Companies that produce and sell goods share one central goal: that their customers will buy, and preferably keep coming back to buy more. The same principle holds true for service providers. Businesses are constantly innovating to keep up with the changing demands of users. The reason for these changing demands is simple — what used to be cool becomes passé in no time, especially in the digital economy. What once was “the next best thing since sliced bread” becomes ordinary, and what used to delight customers becomes basic, expected and needed. Technological advancements seem to have a shorter shelf life now. Herbert Simon, a Nobel Prize economist, wrote: “A wealth of information creates a poverty of attention.” A shorter average attention span means that the “coolest item” changes more often, as if it were a song on the charts. Companies need to watch these trends closely when developing future products and services.

Today, there’s a lot of buzz around “delighting” customers to win their loyalty. That’s easier said than done. Delighting customers is one among many factors that a company needs to consider when designing products and services. How do we identify the factor/s that should take priority over others at a given moment? How do we designers go about delighting our users?

The Power of Purpose and Audience, and how the Kano Model works

As subjective a term as “delight” may sound, it’s a measurable quantity. Professor Noriaki Kano and his colleagues developed the Kano Model in 1984. The model is highly relevant to companies trying to gain a competitive edge in the digital economy. It is a reliable framework to help us work out the features of a product or service that satisfy users at different levels. Professor Kano’s team noted that:

  • The level of functionality of product features determines the levels of user satisfaction.

  • Feedback (i.e., questionnaires, surveys) shows the company these levels of satisfaction.

  • The company can classify any such features into four categories.

Anyone working in proposing, designing and developing large projects that span multiple releases can benefit from this framework. The Kano Model can help everyone, including sales teams, in getting a competitive edge. It’s all about listening to our users and reacting accordingly.


Author/Copyright holder: Management Mania. Copyright terms and licence: All rights reserved Img source


The Kano Model gives us a clear window to seeing users’ expectations. It assumes that user satisfaction at both functional and emotional levels varies over product features. Thus, people react to many aspects of a single product or service, experiencing delight, satisfaction, or frustration. The model breaks these reactions down into distinct categories:

We will plan and design features for a product to make it competitive. However, often the business can’t implement all the features at once due to budget and timeframe restrictions. Here, the company will need to find out which features are best to consider including. It needs criteria to decide which features are likely to have more than a proportional influence on satisfaction, and which ones are must-haves. From what it discovers, it can focus on which features are worth going for in a project, and which are better left out.

Let’s take an example. An airline company has plans for a revolutionary design. Designers have worked all sorts of cool features into it:

  • Fully reclining seat with moving walls to seal off compartment.

  • Video conferencing capabilities via large touchscreens in compartment.

  • Anti-turbulence seat suspension.

  • Super high-speed WiFi with no deadzones.

These features sound ideal, especially for business travelers, who could work, relax and rest well on long-haul flights.
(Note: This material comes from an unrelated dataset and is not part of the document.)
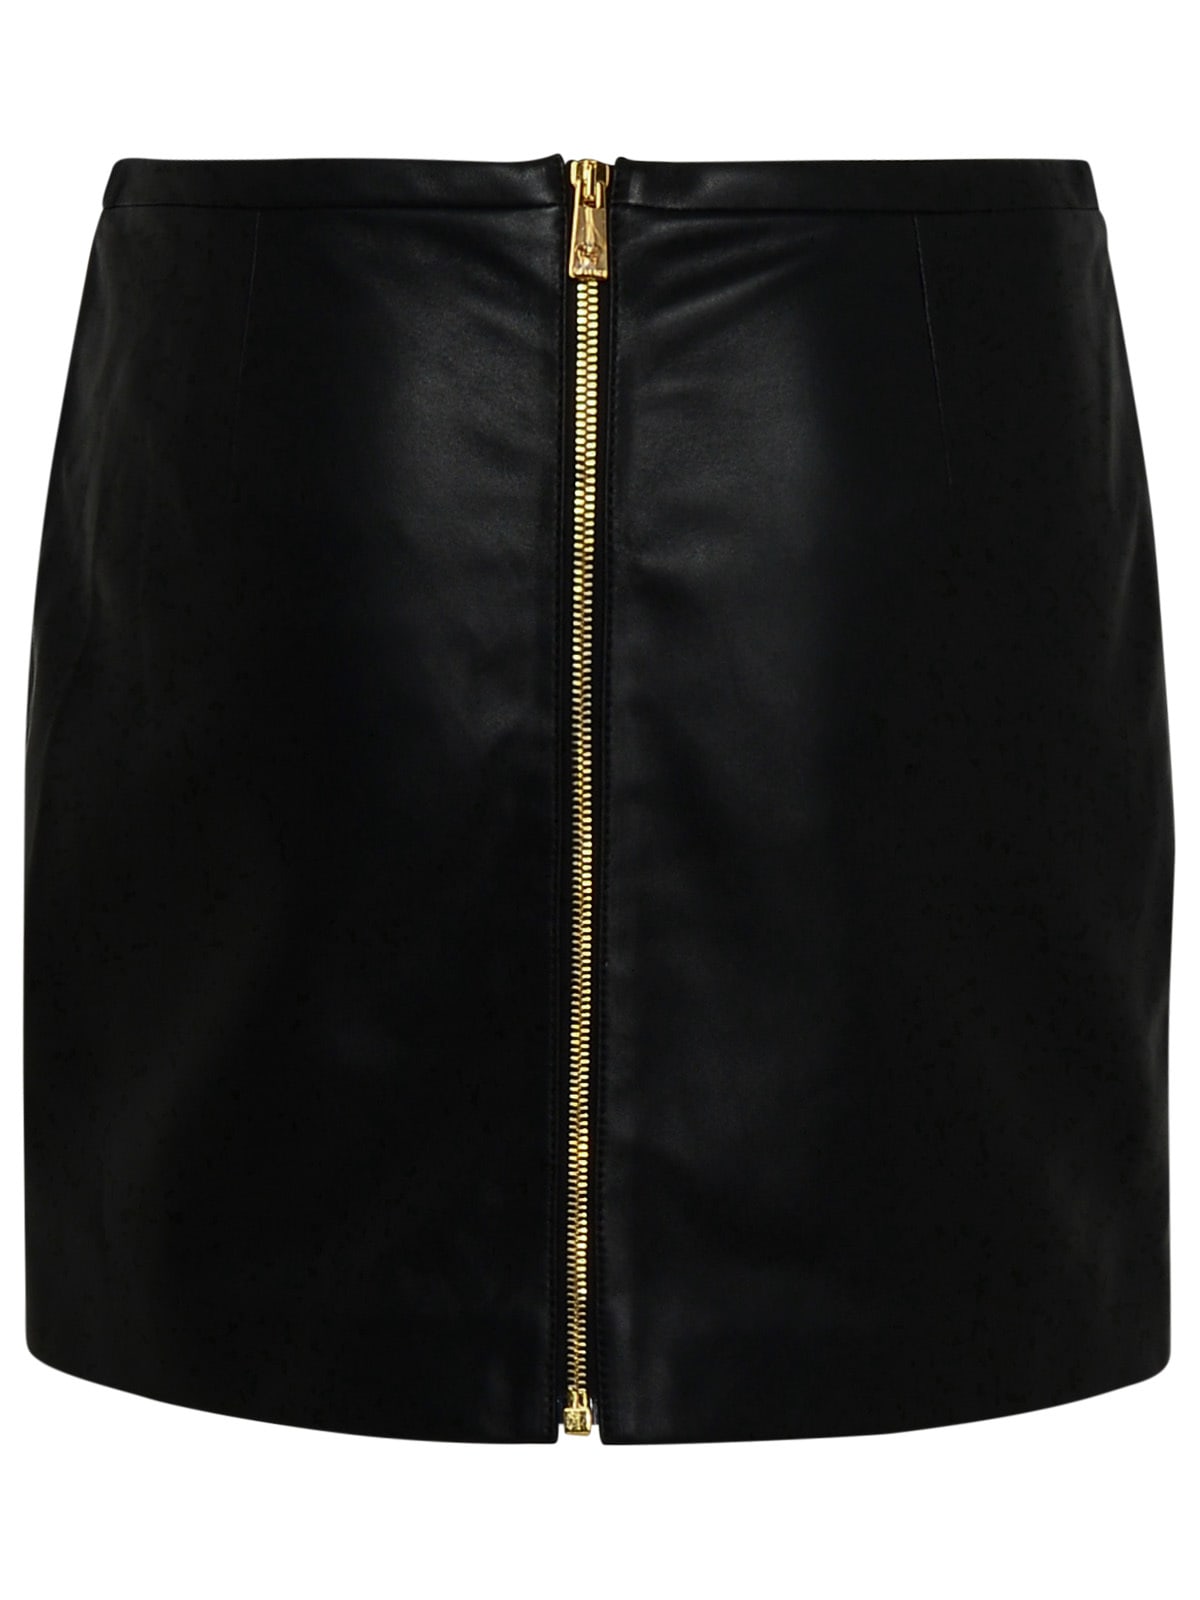 Shop Versace Black Leather Miniskirt

However, the company has four features to implement here. Some will be costly, and they might not be able to implement one due to government regulations (making full-privacy compartments around seats on an aircraft). Therefore, they’ll have to work out which features appeal most to users.

We have a product in the design phase — a business-class mini-cabin — with four proposed features. You as a designer should target the proper combination of features to obtain a high level of user satisfaction. We can use the Kano Model to find out how customers — users — feel about the presence and absence of those features.

A Kano analysis classifies them into Kano categories such as basic needs, delighters, and good to haves. It helps you, as a designer, to identify which features are essential, offer value for money, and delight customers. It also reveals which features aren’t worth taking into account.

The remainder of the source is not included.